* [Exercise description]:
The entries below contain pictures, which are to be left out; write out exactly, and only, the lines from the line with "La famosa aguja" up to and including the line with "Årlig BNP-tillväxt 2000-2021 (fasta priser)".
----- Dataset records -----
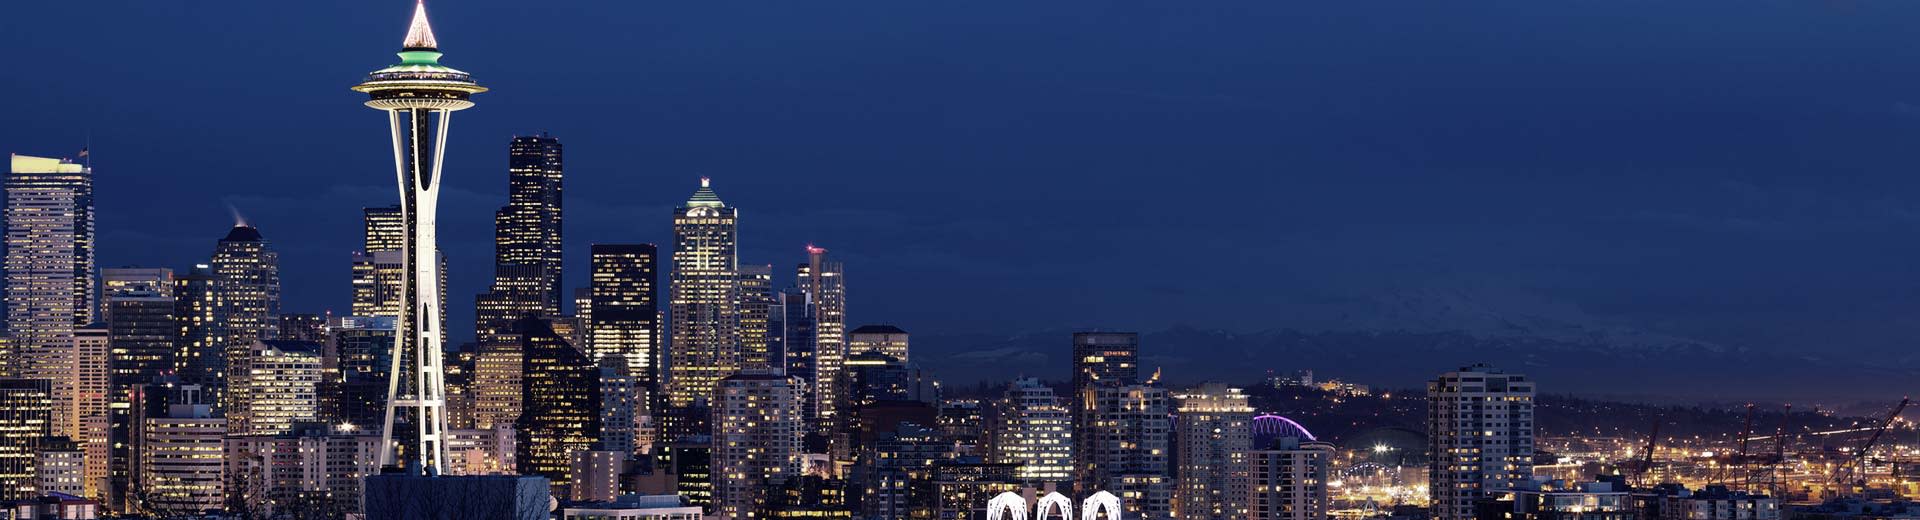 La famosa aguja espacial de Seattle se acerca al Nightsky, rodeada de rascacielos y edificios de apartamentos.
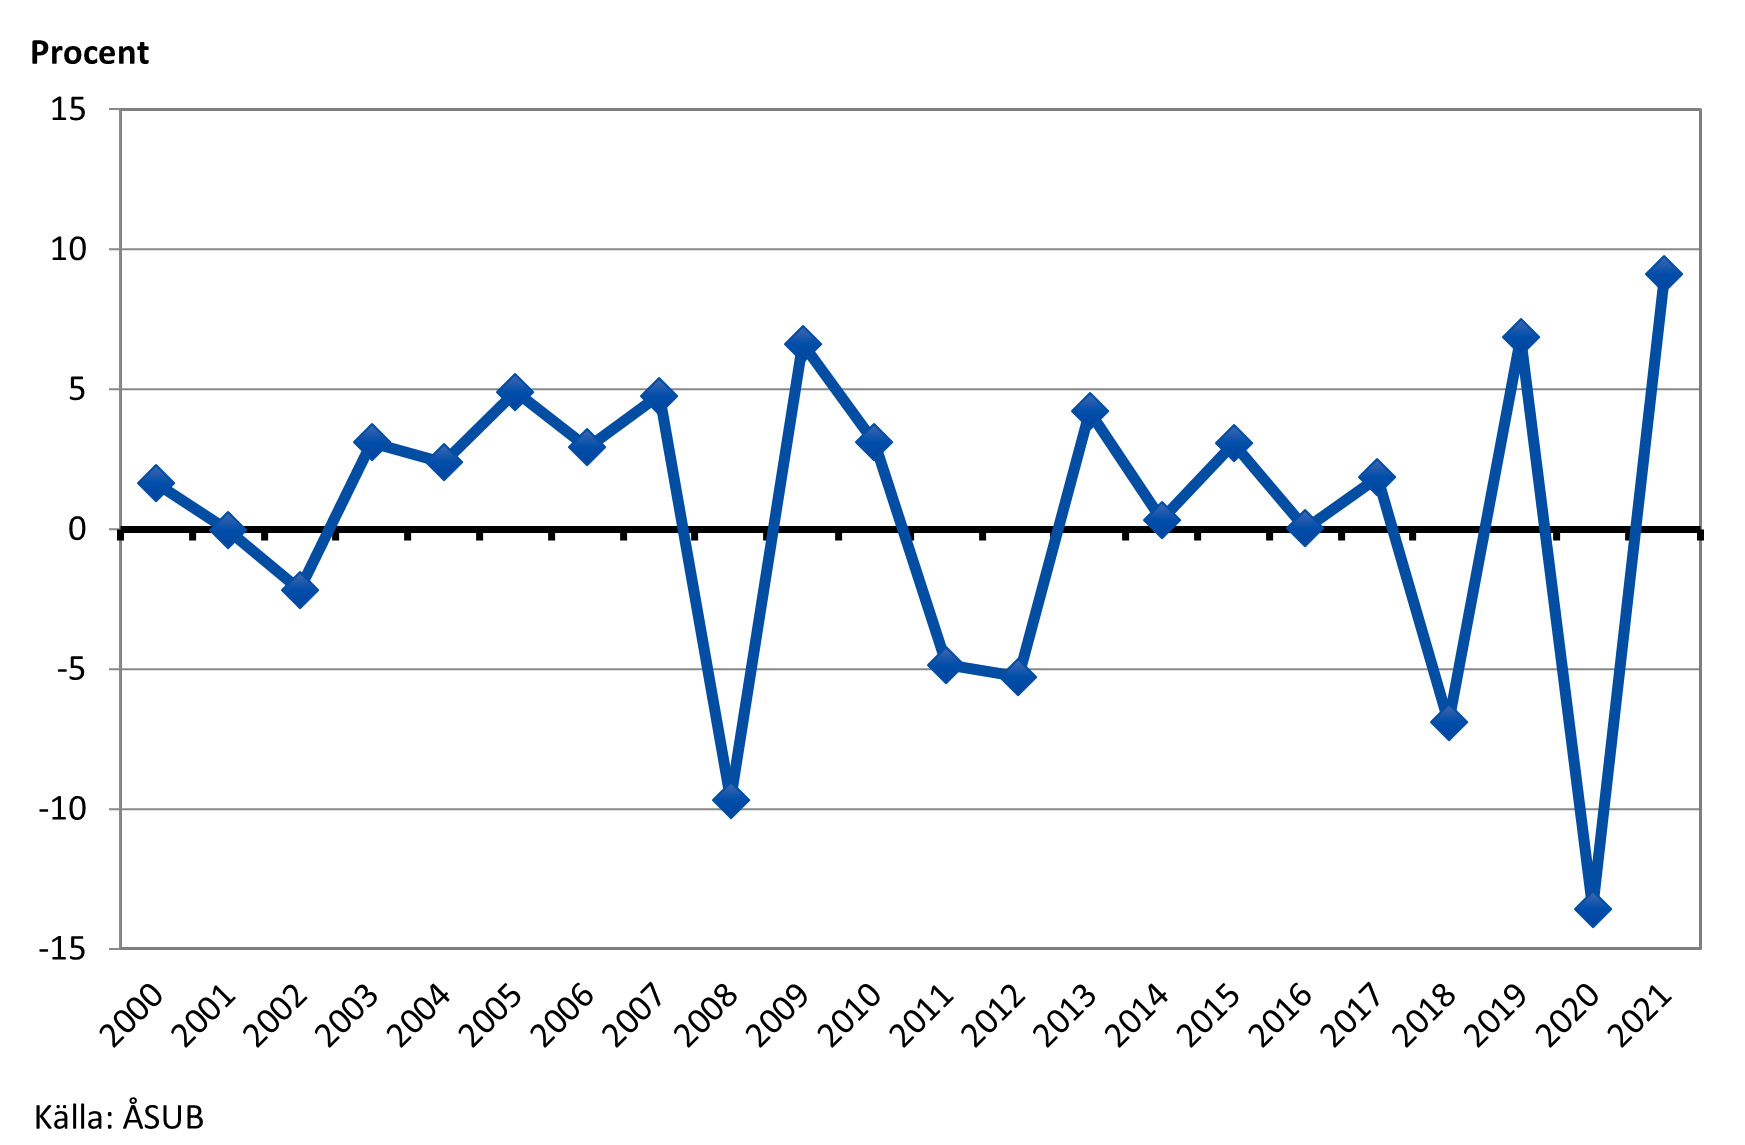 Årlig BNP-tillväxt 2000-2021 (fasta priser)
-----
----- Dataset records -----
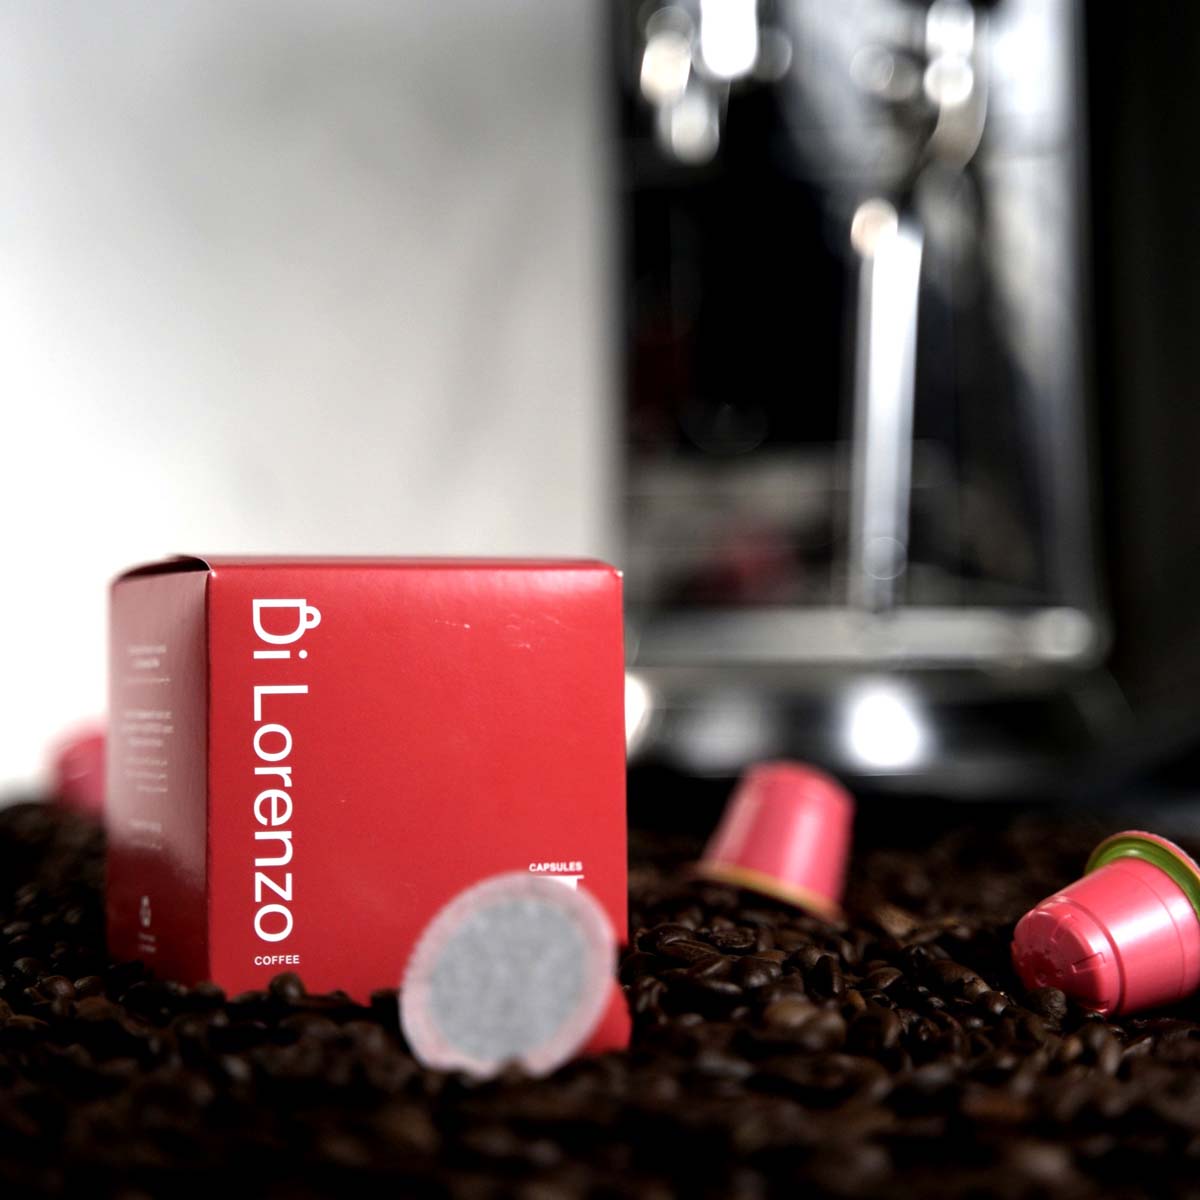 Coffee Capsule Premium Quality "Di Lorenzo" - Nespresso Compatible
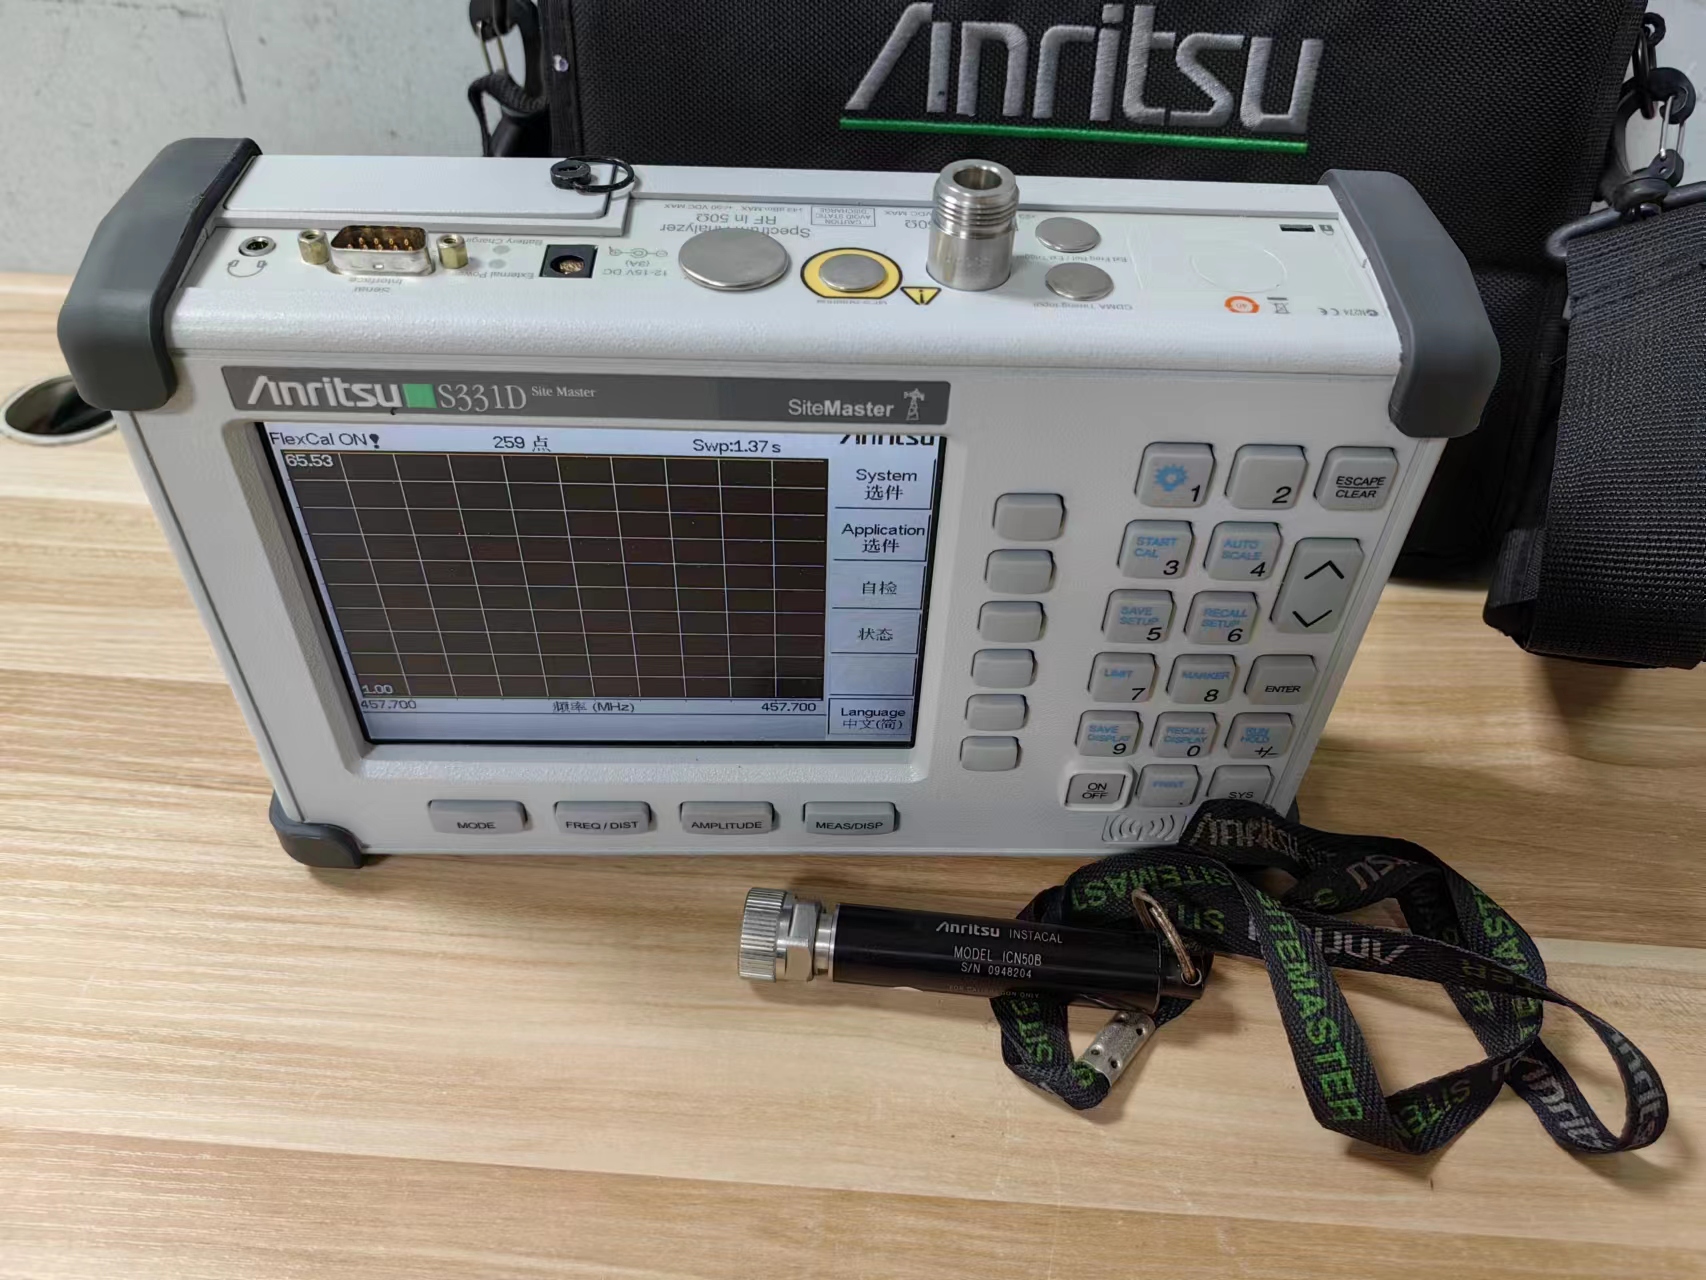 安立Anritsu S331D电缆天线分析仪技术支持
-----
----- Dataset records -----
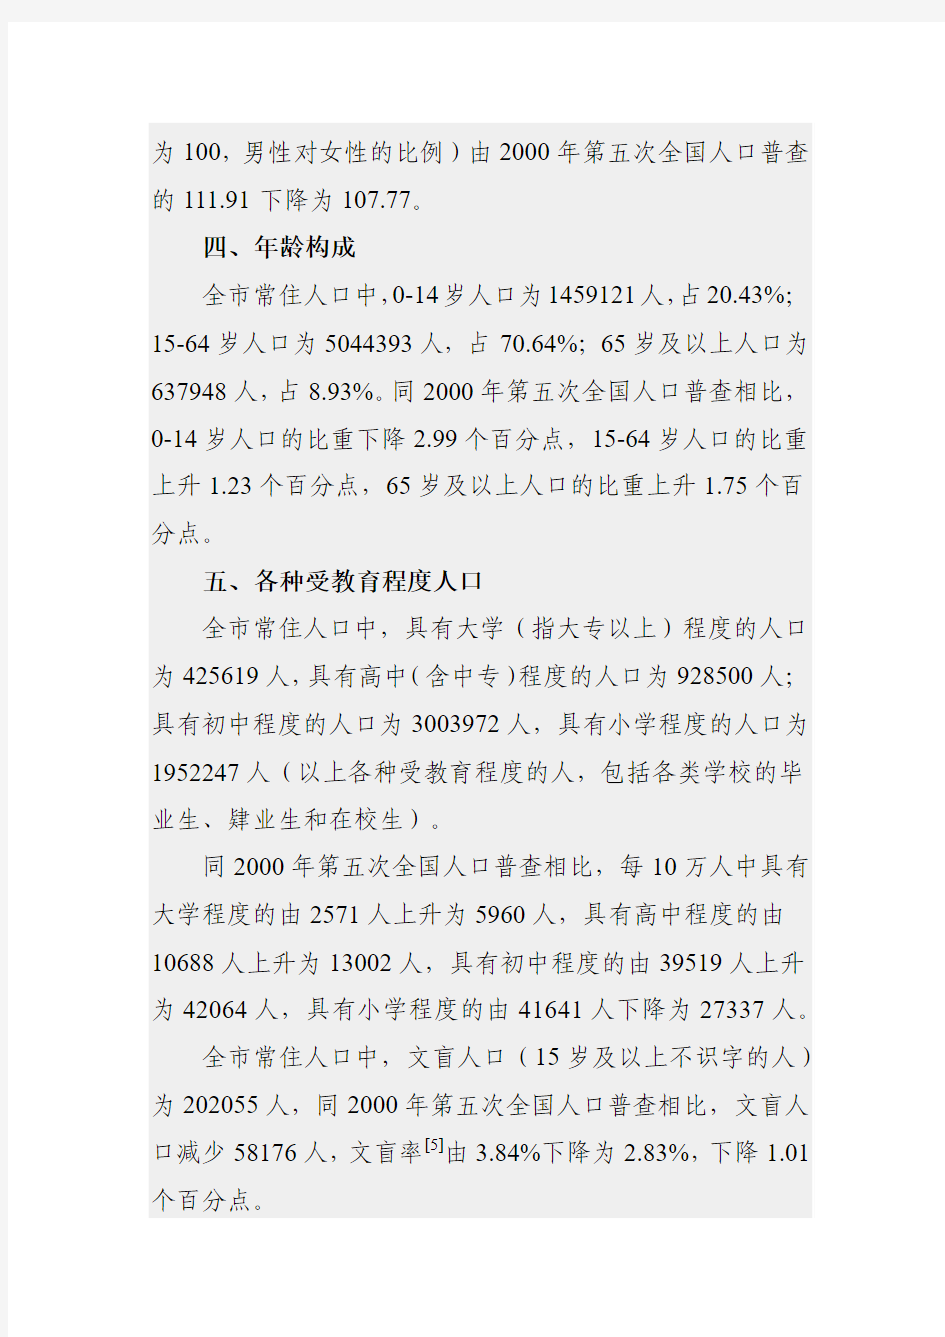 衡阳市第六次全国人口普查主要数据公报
-----
* [Exercise response]:
 La famosa aguja espacial de Seattle se acerca al Nightsky, rodeada de rascacielos y edificios de apartamentos.
 Årlig BNP-tillväxt 2000-2021 (fasta priser)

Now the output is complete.